Хлопнула дверь. Приехал отец. Поднявшийся по лестнице, отец открыл дверь своим ключом, вошел, — узнав и знакомо услышав выкрики сына, он тихо простонал: «О господи, сумасшедший дом. На кого она оставляет ребенка…»
Машина отца стояла внизу, глухо шумя мотором. В машине — Нина, кандидатка в жены; развод с Леной был на носу, и не оставаться же ему, одинокому, в одиночестве.
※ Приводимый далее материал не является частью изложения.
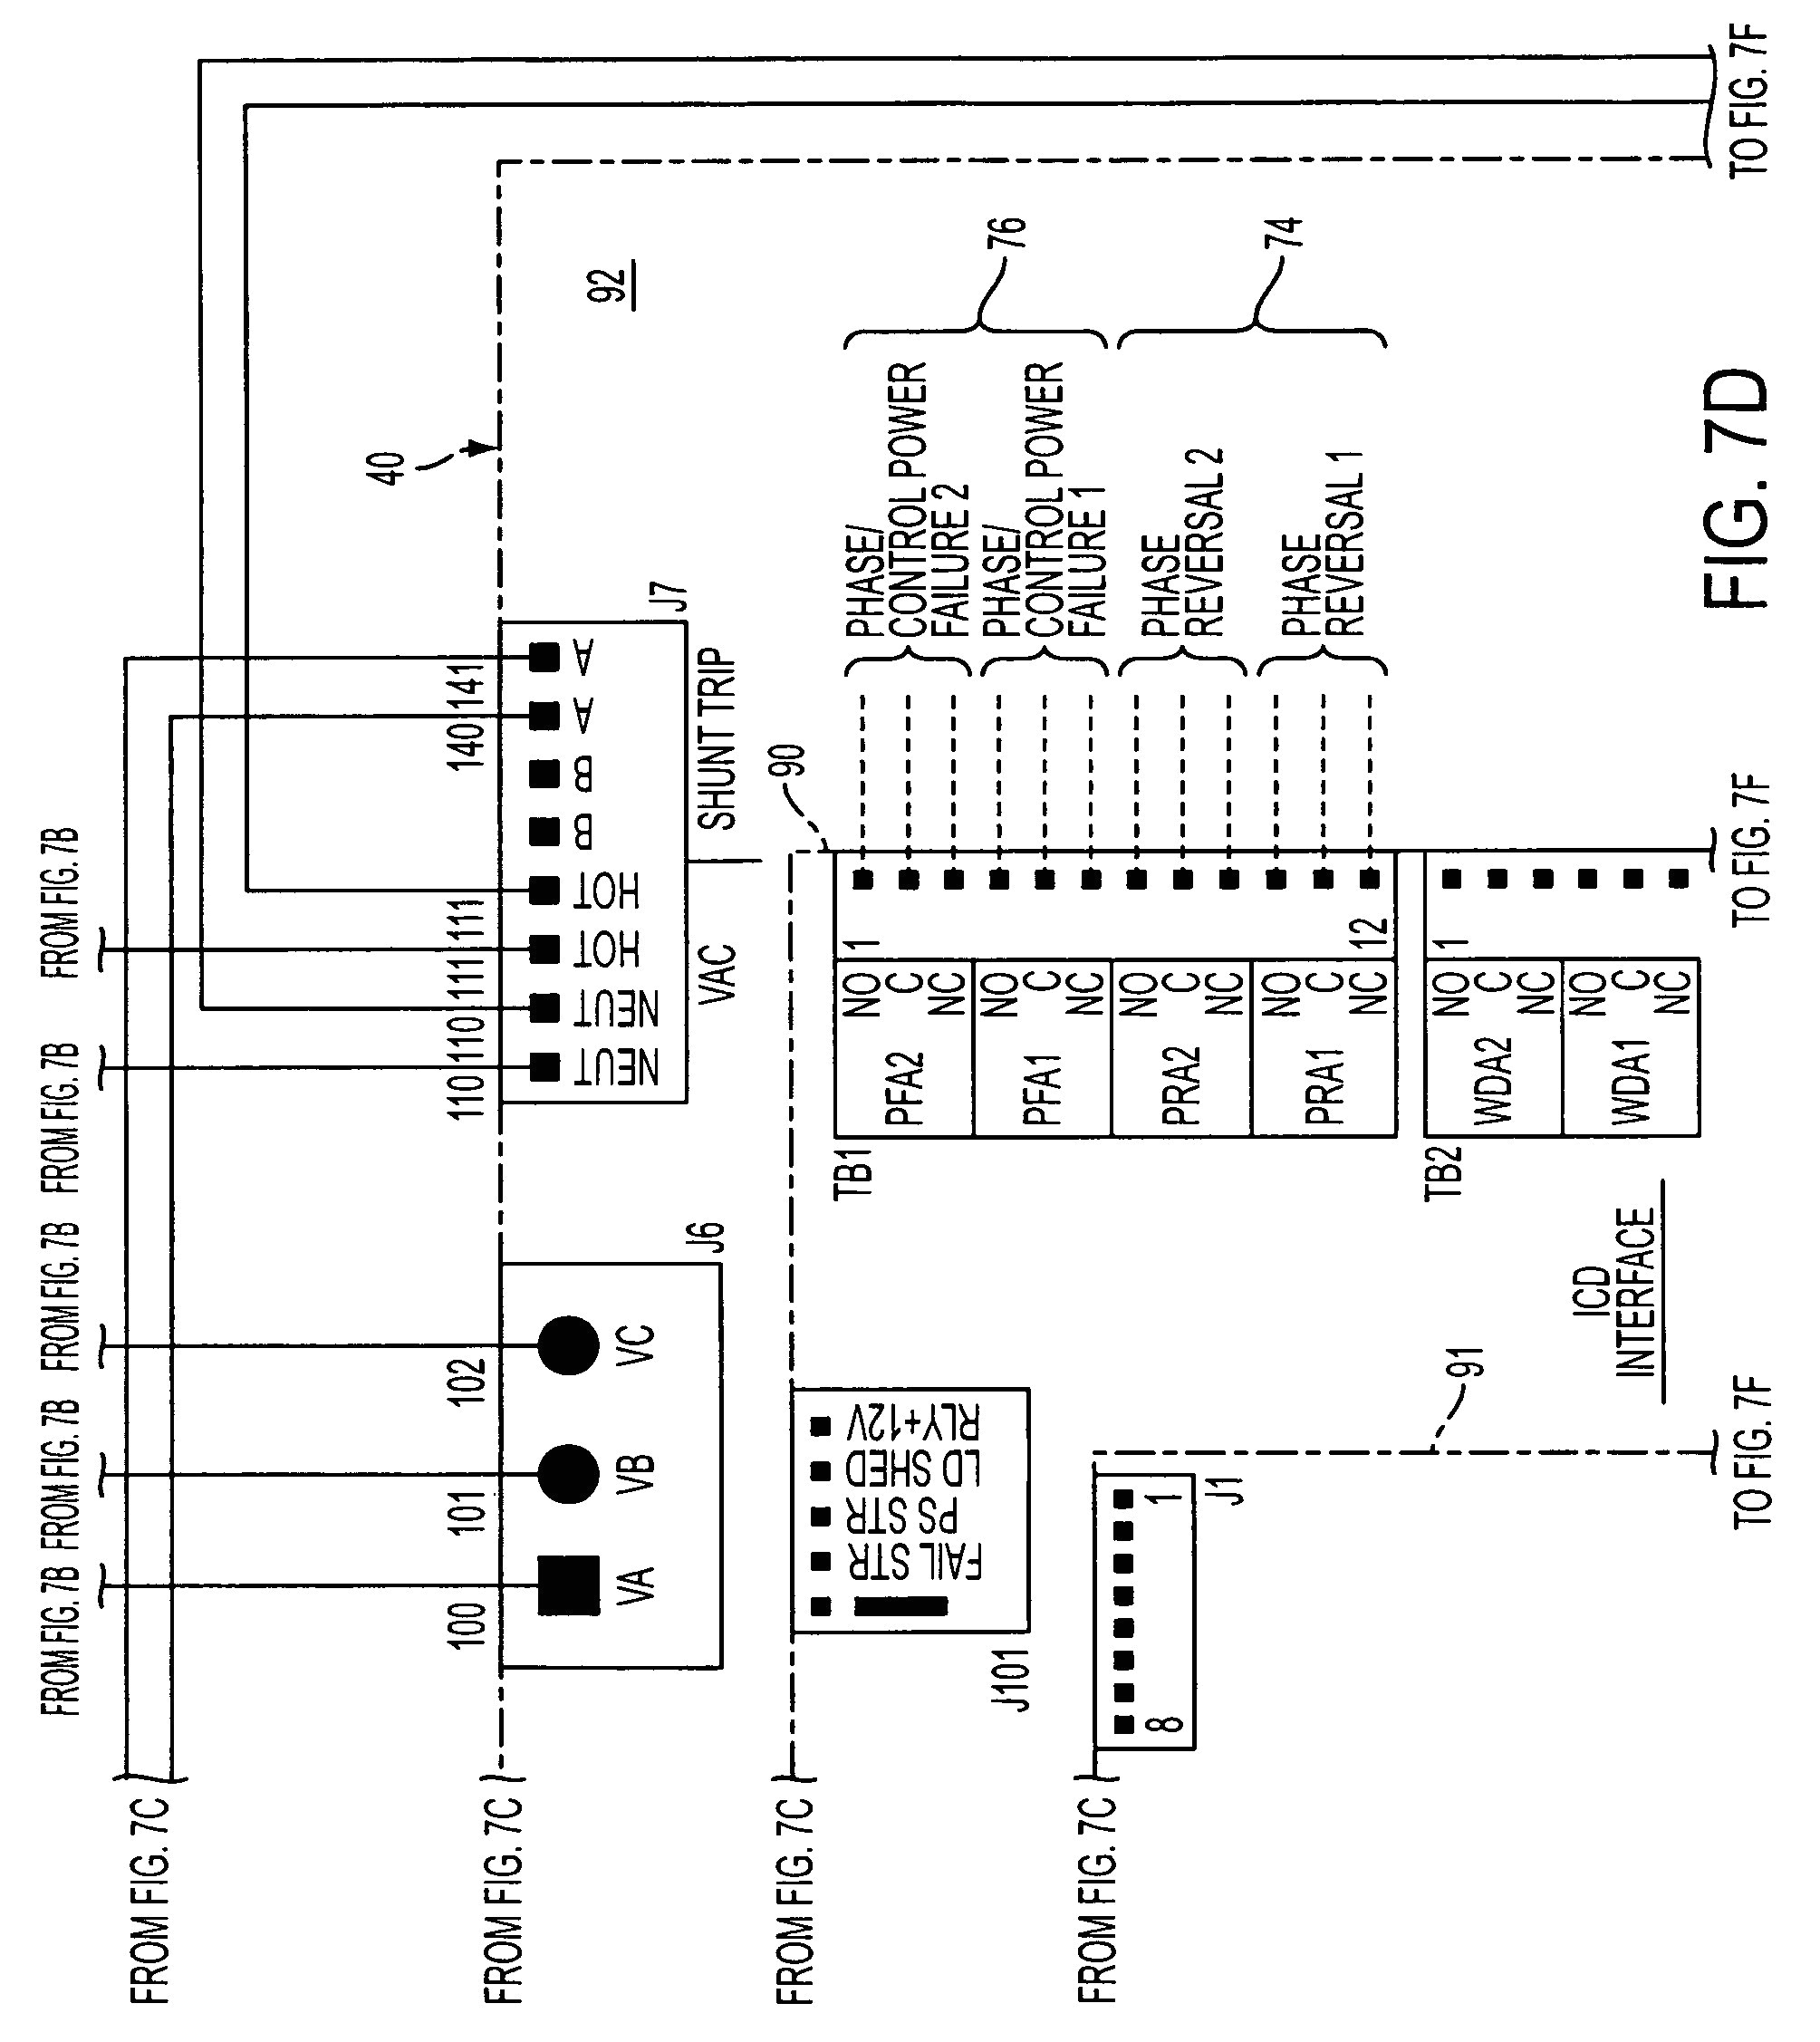 adt wiring diagram wiring diagram technic phone wiring diagram adt wiring diagram home alarm wiring diagram

Нарочито громко и по-хозяйски прошагал он мимо комнаты, где играл внук с дедом. Квартиру придется разменивать — это было ясно. Вова останется с Ленкой — и это ясно. Наскоро переодевшись и потоптавшись у маленького зеркала (он заехал сменить рубашку), а также захватив с полки книгу (знак внимания женщине, ожидающей его в машине), он поспешил к дверям. Ленка уехала со своим хахалем, это понятно. Ну ничего, он тоже не постится. Он уходил, уже потянув на себя дверную ручку, тут сердце екнуло — быстрыми и нервными шагами он вернулся; войдя туда, присел на корточки возле пацана и на порыве прижал его стриженую голову к себе. «Сыночка мой!..» — старомодно, не слишком искренне произнес он. Но боль была искренняя. И укол отстранения (от сына) был настоящим… «Оставляет ребенка на весь вечер со стариком, которого сама же считает ненормальным. Сука». Он еще раз прижал Вовку к себе, потискал. Однако сынок не был потрясен прослезившимся отцом. Сыночка хотел играть. В игру. Он уделил отцу его минуту — теперь же, выдергиваясь из объятий, вновь тянулся к посапывающему на диванчике, спящему старику.
— … Ты должен о суете забыть — ты должен вспомнить лучшее, что было в жизни и в детстве, — ты должен услышать гимны! — заорал пацан, бросаясь ладошками на желтую ладонь деда.
— О господи, — повторил отец. Он быстренько сбежал по лестнице и нырнул в машину.